Using a sparse file won't work for this. I need the file to be allocated disk space.

Interference answered 3/11, 2008 at 3:8 Comment(7)
Ext4 has much better file allocation performance, since whole blocks of up to 100MB can be allocated at once.Galvanism
The 'truncate' command creates a sparse file, by the way. E.g. see en.wikipedia.org/wiki/Sparse_fileLubberly
People seem to be grossly ignoring the "sparse file won't work with this", with their truncate and dd seeks below.Synonymy
You should have defined what you meant by "for testing". Testing the writing speed of your hard disk? Testing what df will report? Testing an app that does something particular. The answer depends on what you want to test. Anyway I'm a bit late -- I see now that it's been years since your question :-)Typeface
random: superuser.com/questions/470949/… |Xanthine
Just in case you are looking for a way to simulate a full partition, like I was, look no further than /dev/fullGermanic
What's the fastest way to generate a 1 GB text file containing random digits?Geanticline
S
740

dd from the other answers is a good solution, but it is slow for this purpose. In Linux (and other POSIX systems), we have fallocate, which uses the desired space without having to actually write anything to it, works with most modern disk based file systems, very fast:

For example:

fallocate -l 10G gentoo_root.img
Schaumberger answered 16/4, 2011 at 18:28 Comment(17)
Is it possible that dd is internally using that already?

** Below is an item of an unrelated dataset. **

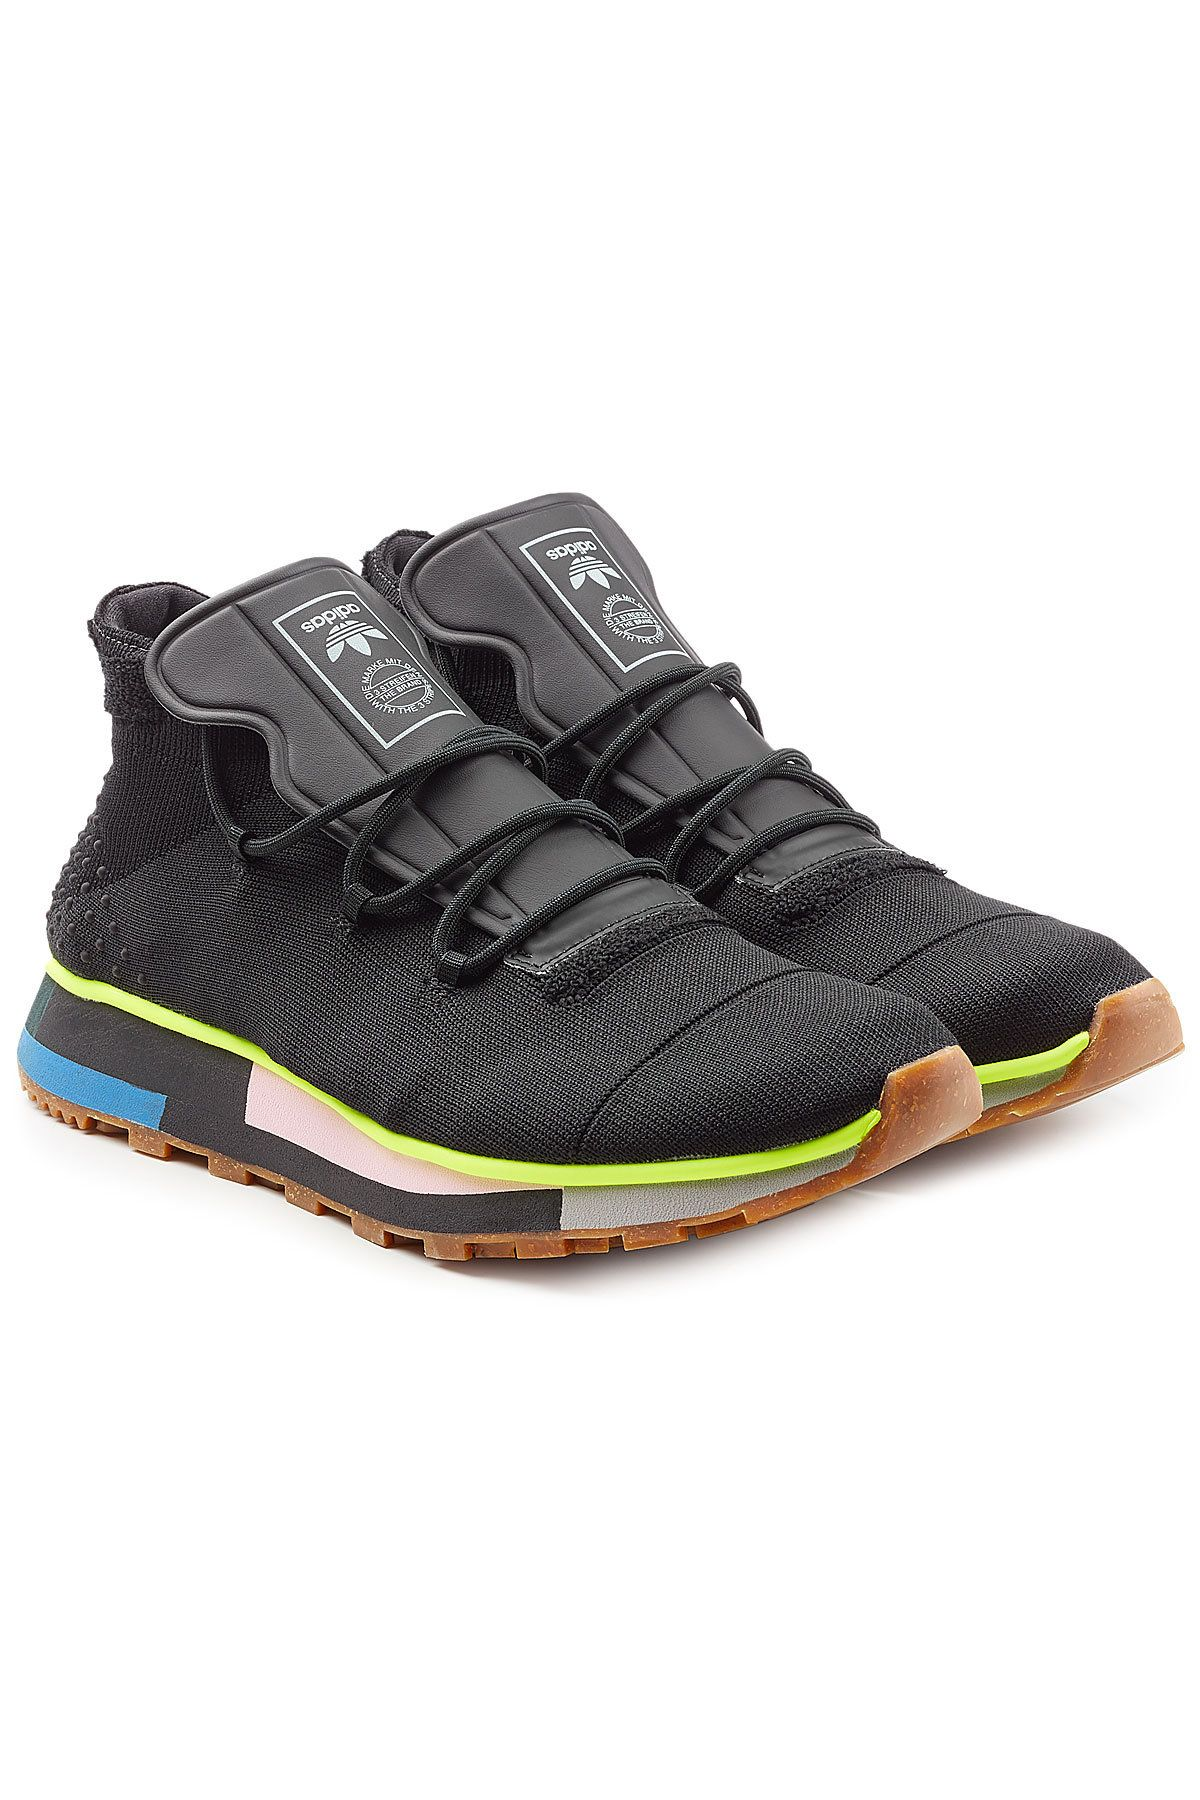 detailed look 0eead 383f2 ADIDAS ORIGINALS BY ALEXANDER WANG RUN SNEAKERS WITH MESH.   adidasoriginalsbyalexanderwang  shoes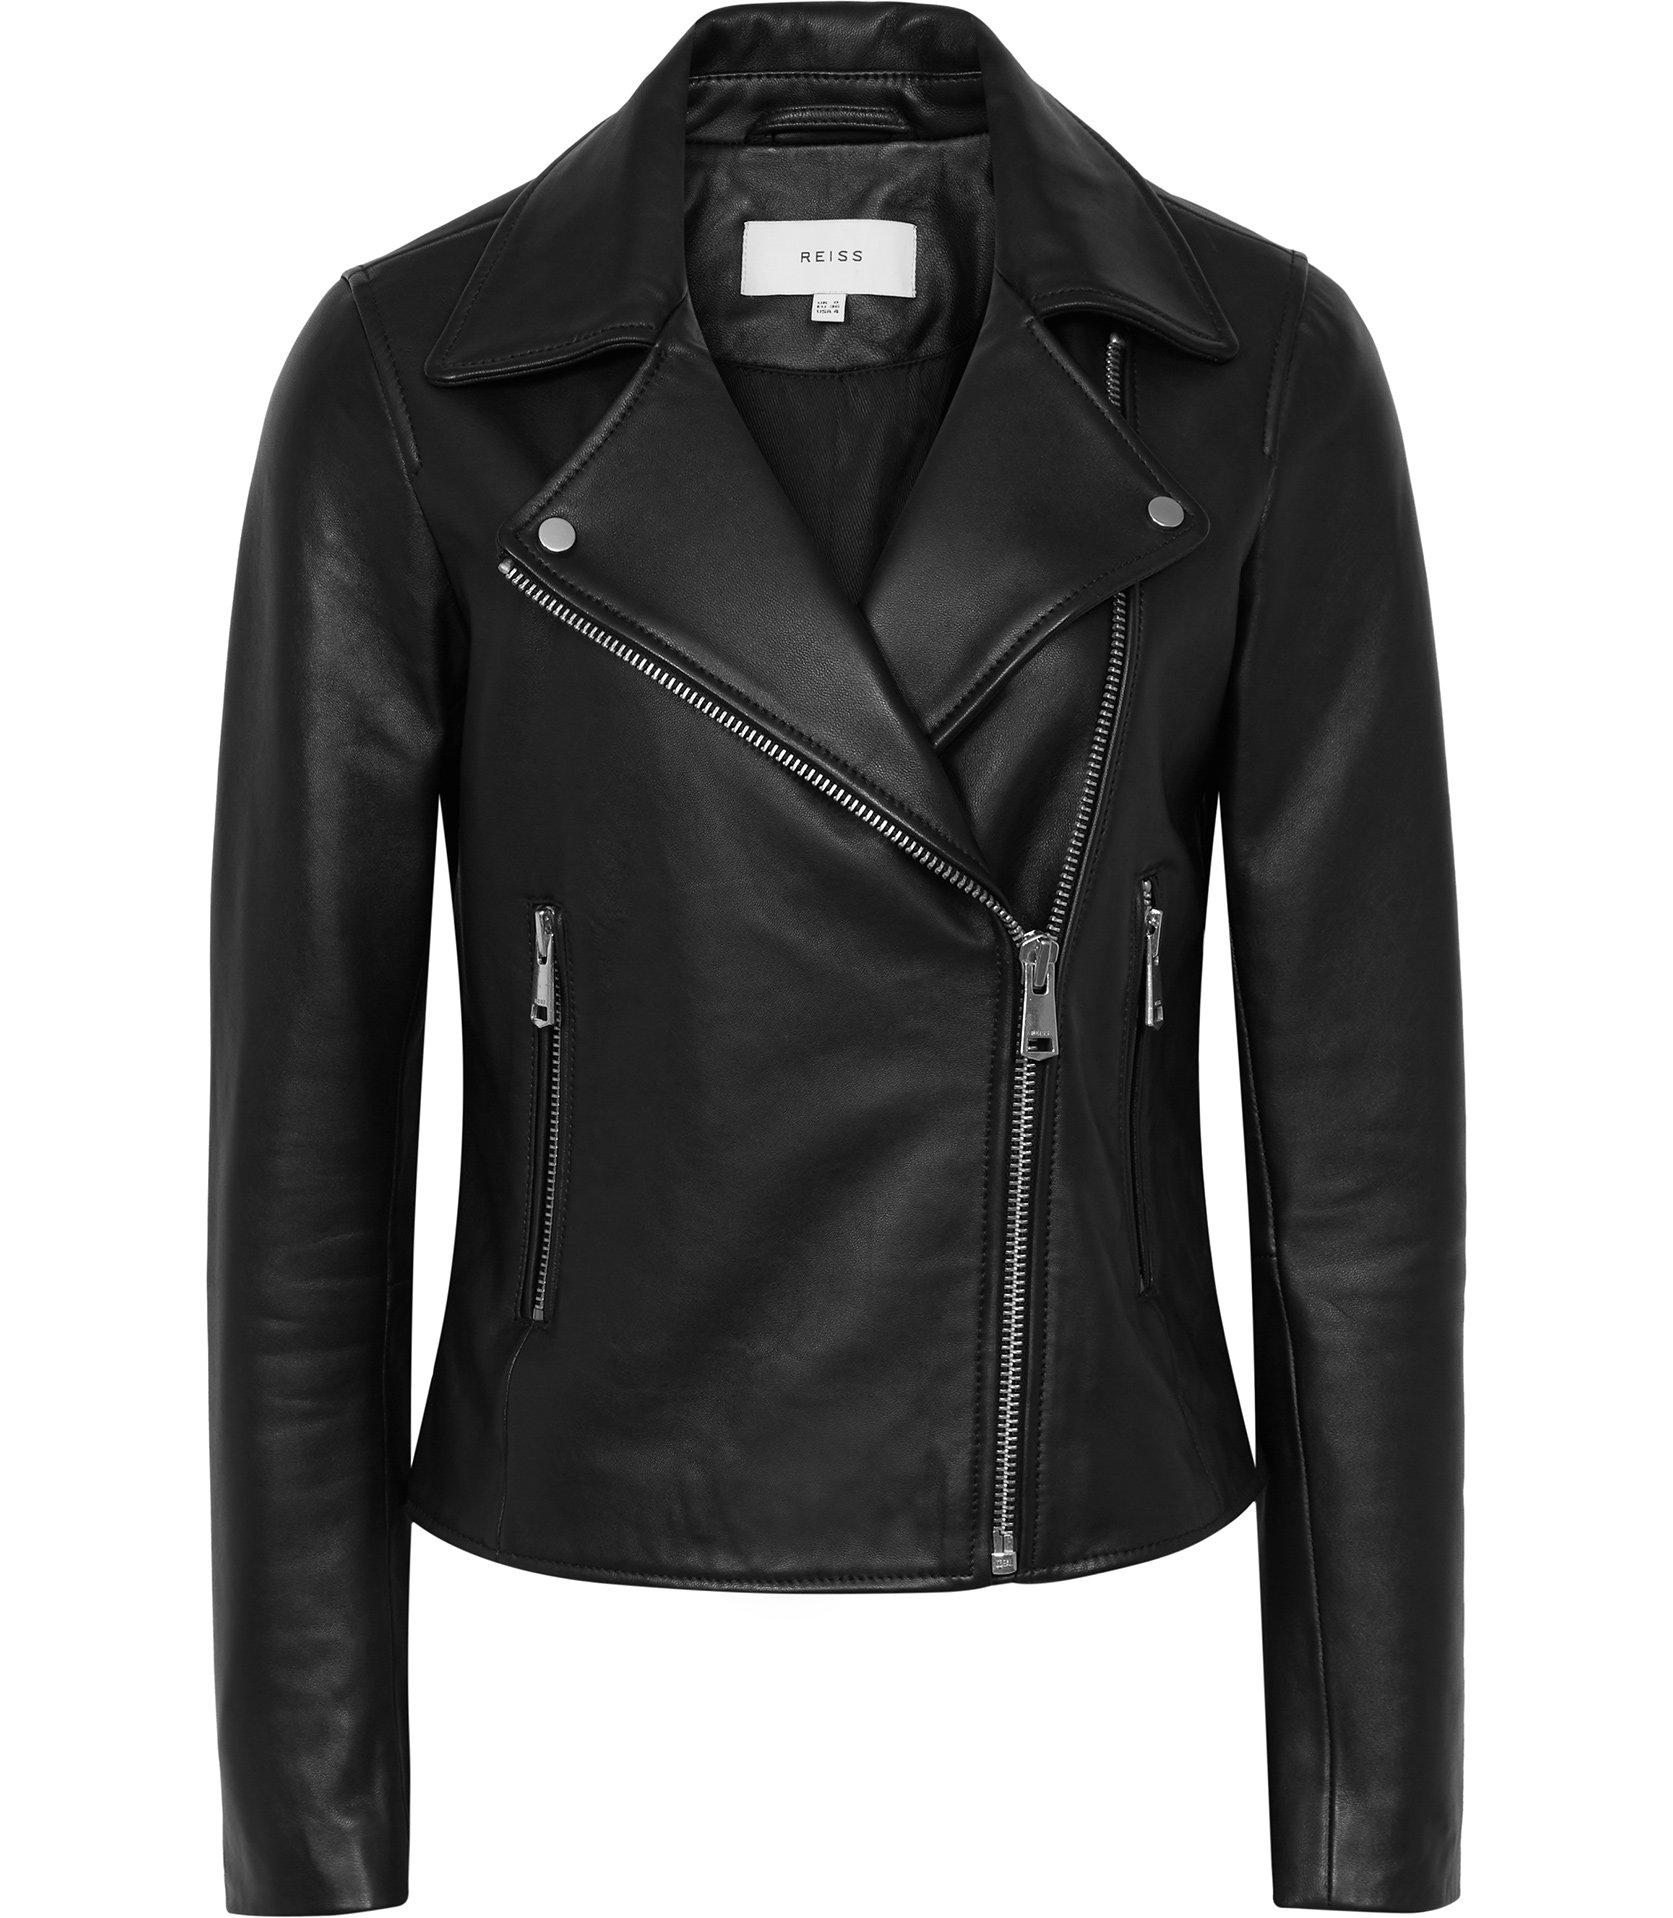 Women's Leather Coats & Jackets

If I do 'dd if=/dev/zero of=zerofile bs=1G count=1' on a 3.0.0 kernel, the write finishes in 2 seconds, with a write data rate of over 500 megabytes per second. That's clearly impossible on a 2.5" laptop harddrive.Scorn
I have just tried on 3.0.0-14 kernel dd if=/dev/zero of=zerofile bs=1G count=1 and it was very slow: 37,3 MB/s. Maybe it depends on filesystem…Schaumberger
fallocate is exactly what I was looking for.Dunno
This (fallocate) will also not work on a Linux ZFS filesystem - github.com/zfsonlinux/zfs/issues/326Johm
very fast. recommended.Kennithkennon
For those having a problem creating a large file on your filesystem of choice (because fallocate is not allowing it for some reason), you can create a relatively large file (say 2GB) with fallocate, use mv to move the file over to your other filesystem. Then you can use cat to put together the size of file you need. For example, if you have a 2GB file named "a" and you wanted to create a 10 GB file called "b", you can execute "cat a a a a a > b". That will take a bit, but you will have a large file where you want it when fallocate won't create it directly at the location for you.Millpond
^^ Note: The above, of course, will not work if your file system is a 32-bit file system or has file limitations smaller than the file you're trying to create on it.Millpond
fallocate is not supported by ext3 either. bugzilla.redhat.com/show_bug.cgi?id=563492Ru
May I get more information on fallocate? I'm unable to call it in adb shell in android. how to check support for commands like falloctae/truncate/mkfile? does it require any other shell like bash?Exit
In Debian GNU/Linux fallocate is part of the util-linux package. This tool was written by Karel Zak from RedHat and source code can be found here: kernel.org/pub/linux/utils/util-linuxSchaumberger
It happens fast on filesystems that support sparse-files, since you're reading from /dev/zero and writing to a filesystem that supports sparse files.Korry
Doesn't work on FAT32 either, but dd does using /dev/zero.Elsie
Doesn't work on memfs either. # fallocate -l 1G testfile.dat fallocate: testfile.dat: fallocate failed: Operation not supported However, dd worked like a champ (and very fast): # time dd if=/dev/zero of=filename.dat bs=1G count=1 1+0 records in 1+0 records out 1073741824 bytes (1.1 GB) copied, 0.701103 s, 1.5 GB/s real 0m0.704s user 0m0.000s sys 0m0.701sPortsmouth
looks like support for fallocate was added to tmpfs in Linux kernel 3.5: kernelnewbies.org/Linux_3.5Kalgoorlie
noticed that fallocate doesn't work with exFAT as well.Bimetallic
@Scorn This happens because you're not writing directly to the laptop's hard drive, you're filling up your operating system's cache before hitting the disk. Try writing more data than you have RAM, also, try using status=progress to check how your speed varies as you run out of cache and oflag=direct or oflag=nocacheMerchandising
zfs and fallocate do cope with each other. other limitations mentioned by others should have been resolved as well. rationale: a state of 2013 is no longer valid in 2022. (just in case, please re-evaluate for your specific environment.) github.com/openzfs/zfs/pull/10408Joon
I
381

This is a common question -- especially in today's environment of virtual environments. Unfortunately, the answer is not as straight-forward as one might assume.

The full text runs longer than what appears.